** Data block follows **

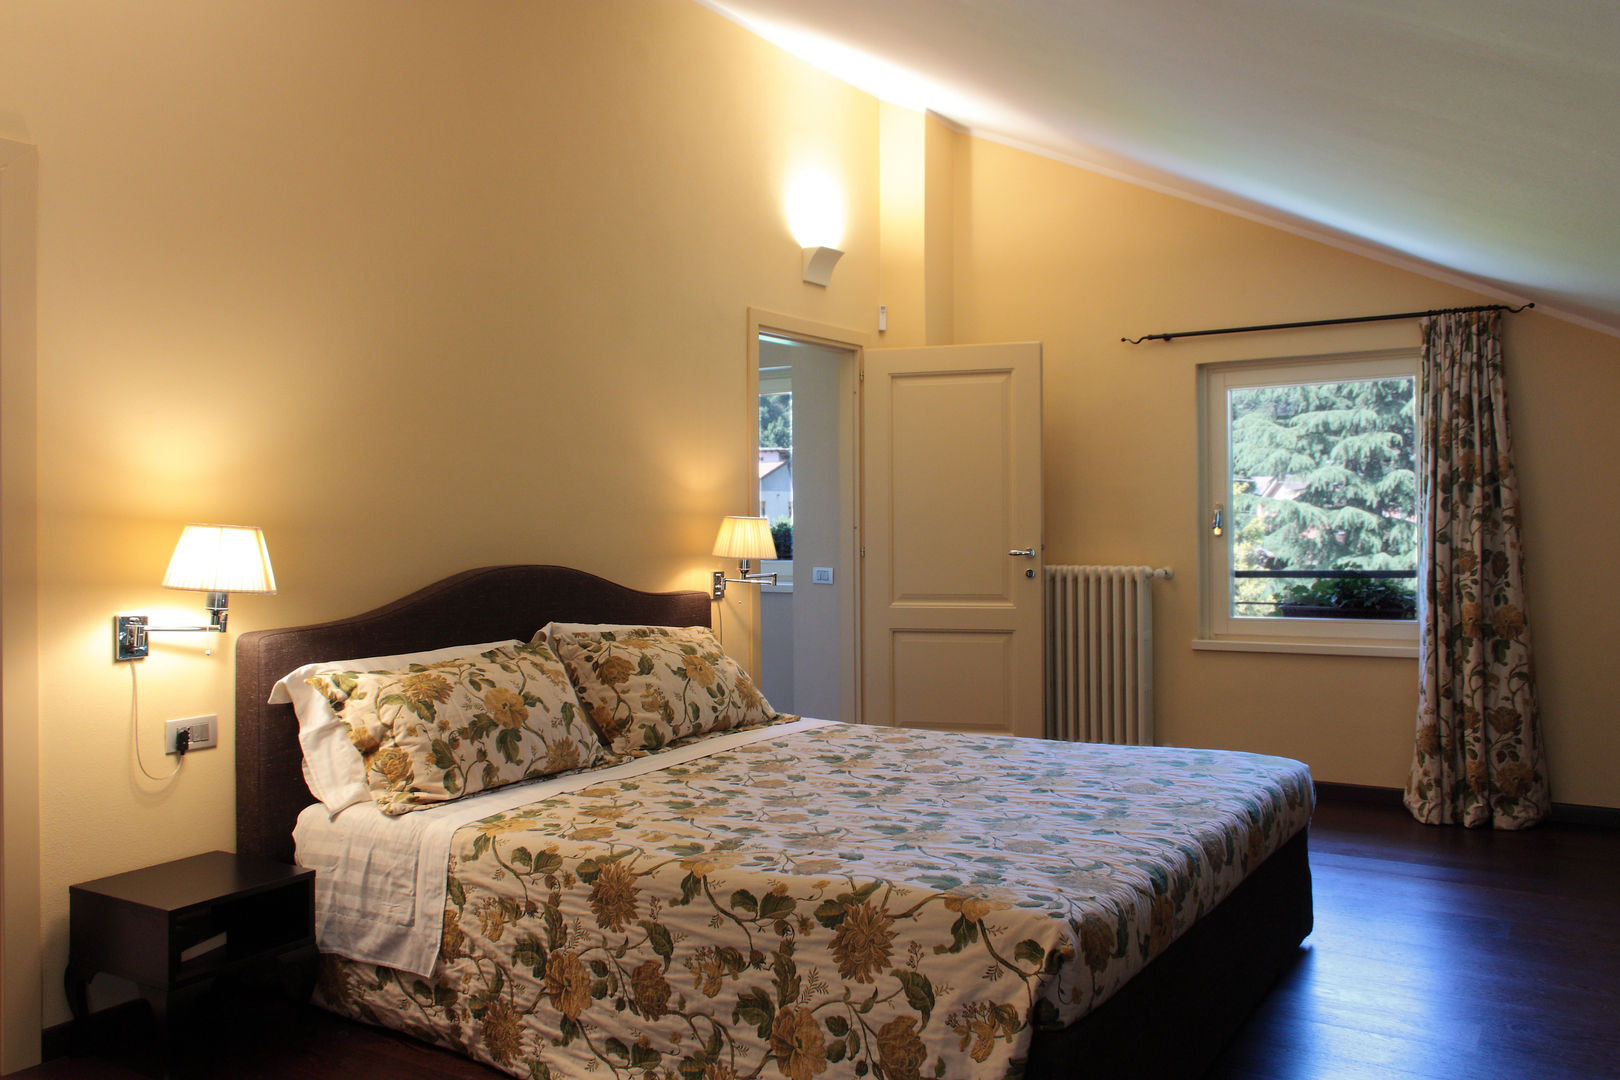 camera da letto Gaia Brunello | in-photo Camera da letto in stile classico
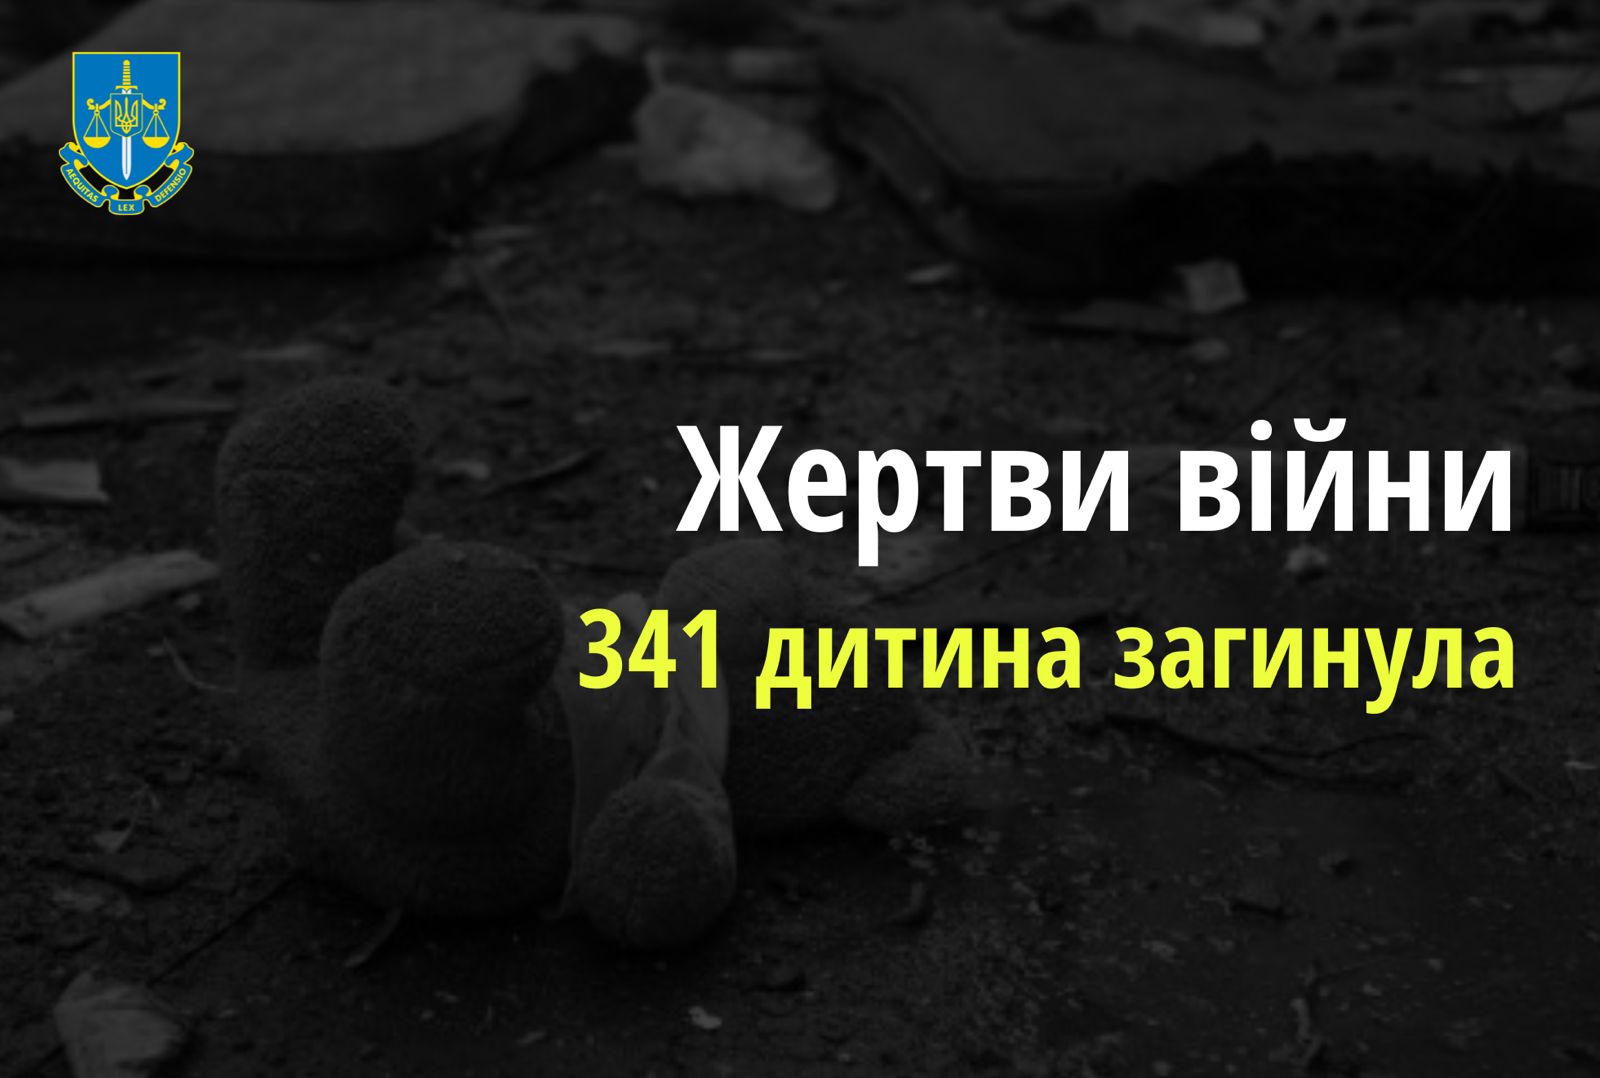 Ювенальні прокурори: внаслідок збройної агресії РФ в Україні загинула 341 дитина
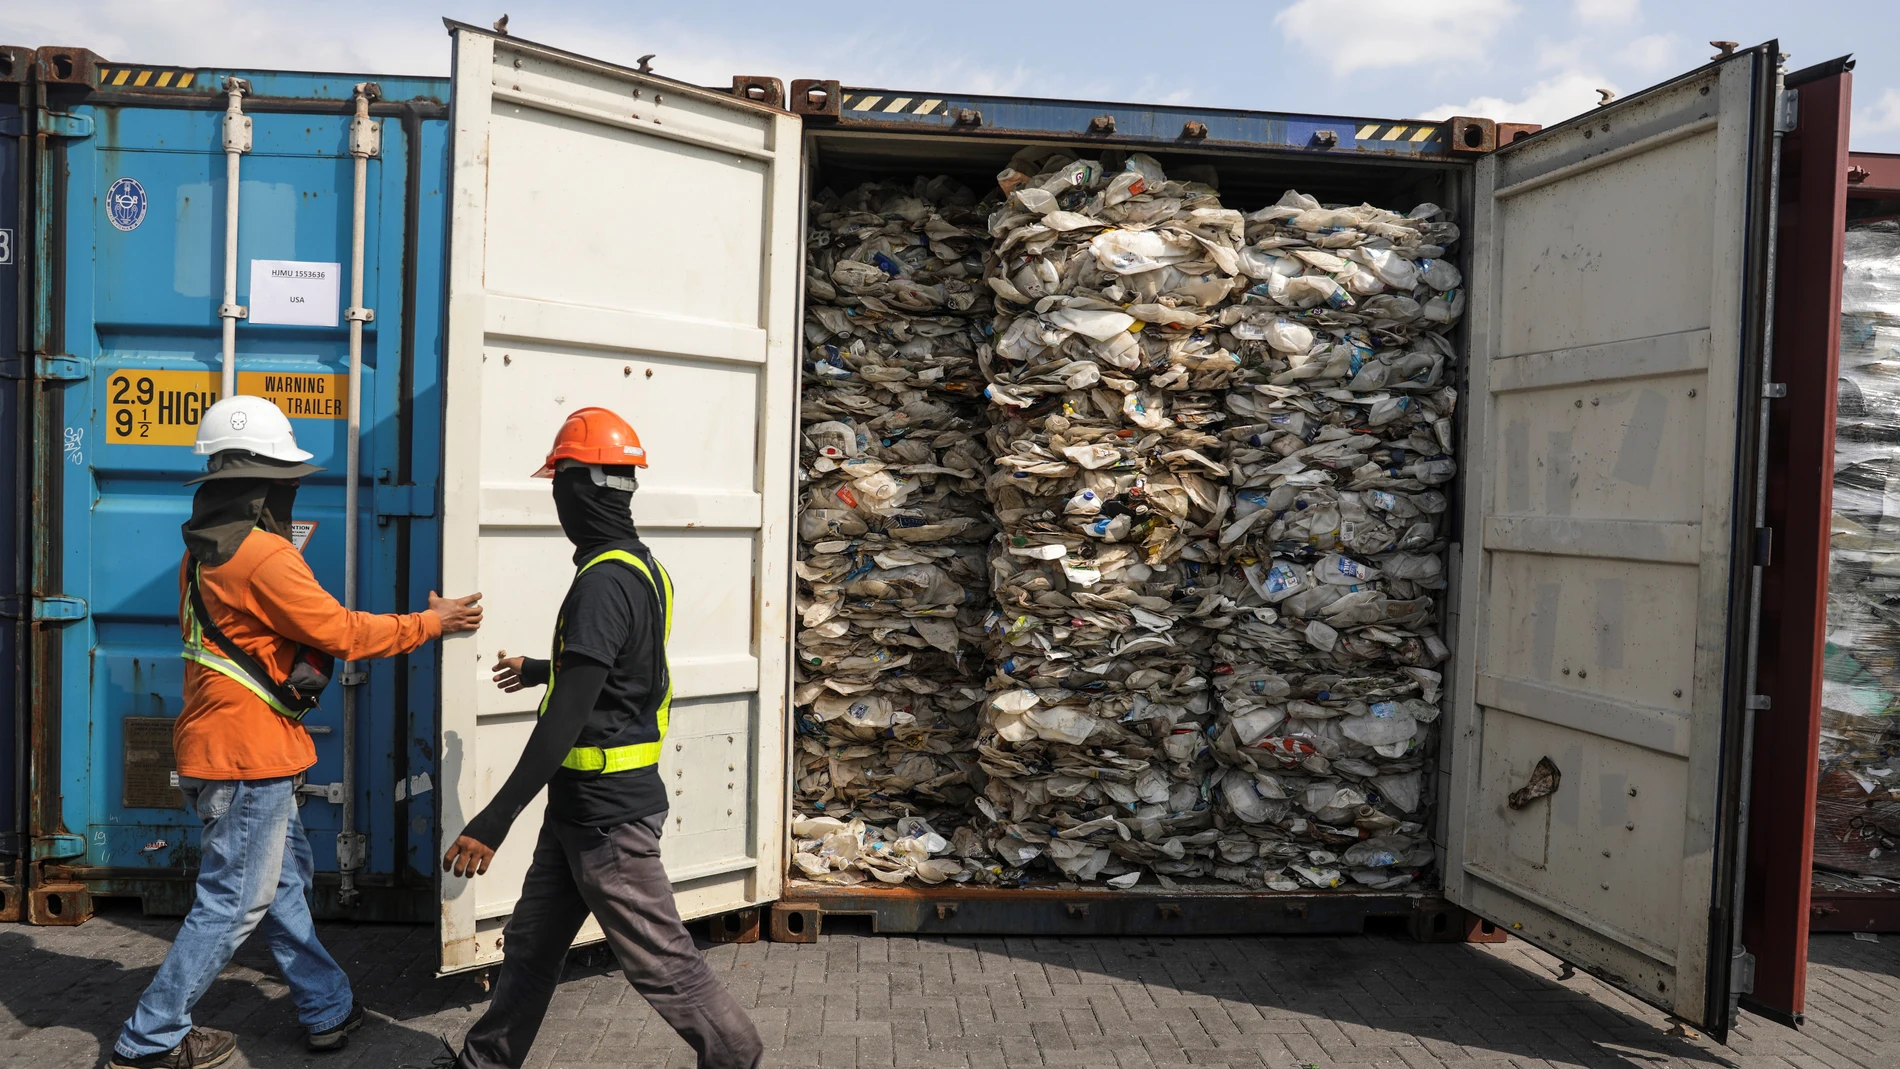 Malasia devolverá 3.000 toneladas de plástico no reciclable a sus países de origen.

** End of Data block **

— Task to complete —
Repeat the data exactly as written, but without the pictures.

— Response below —
 camera da letto Gaia Brunello | in-photo Camera da letto in stile classico
 Ювенальні прокурори: внаслідок збройної агресії РФ в Україні загинула 341 дитина
 Malasia devolverá 3.000 toneladas de plástico no reciclable a sus países de origen.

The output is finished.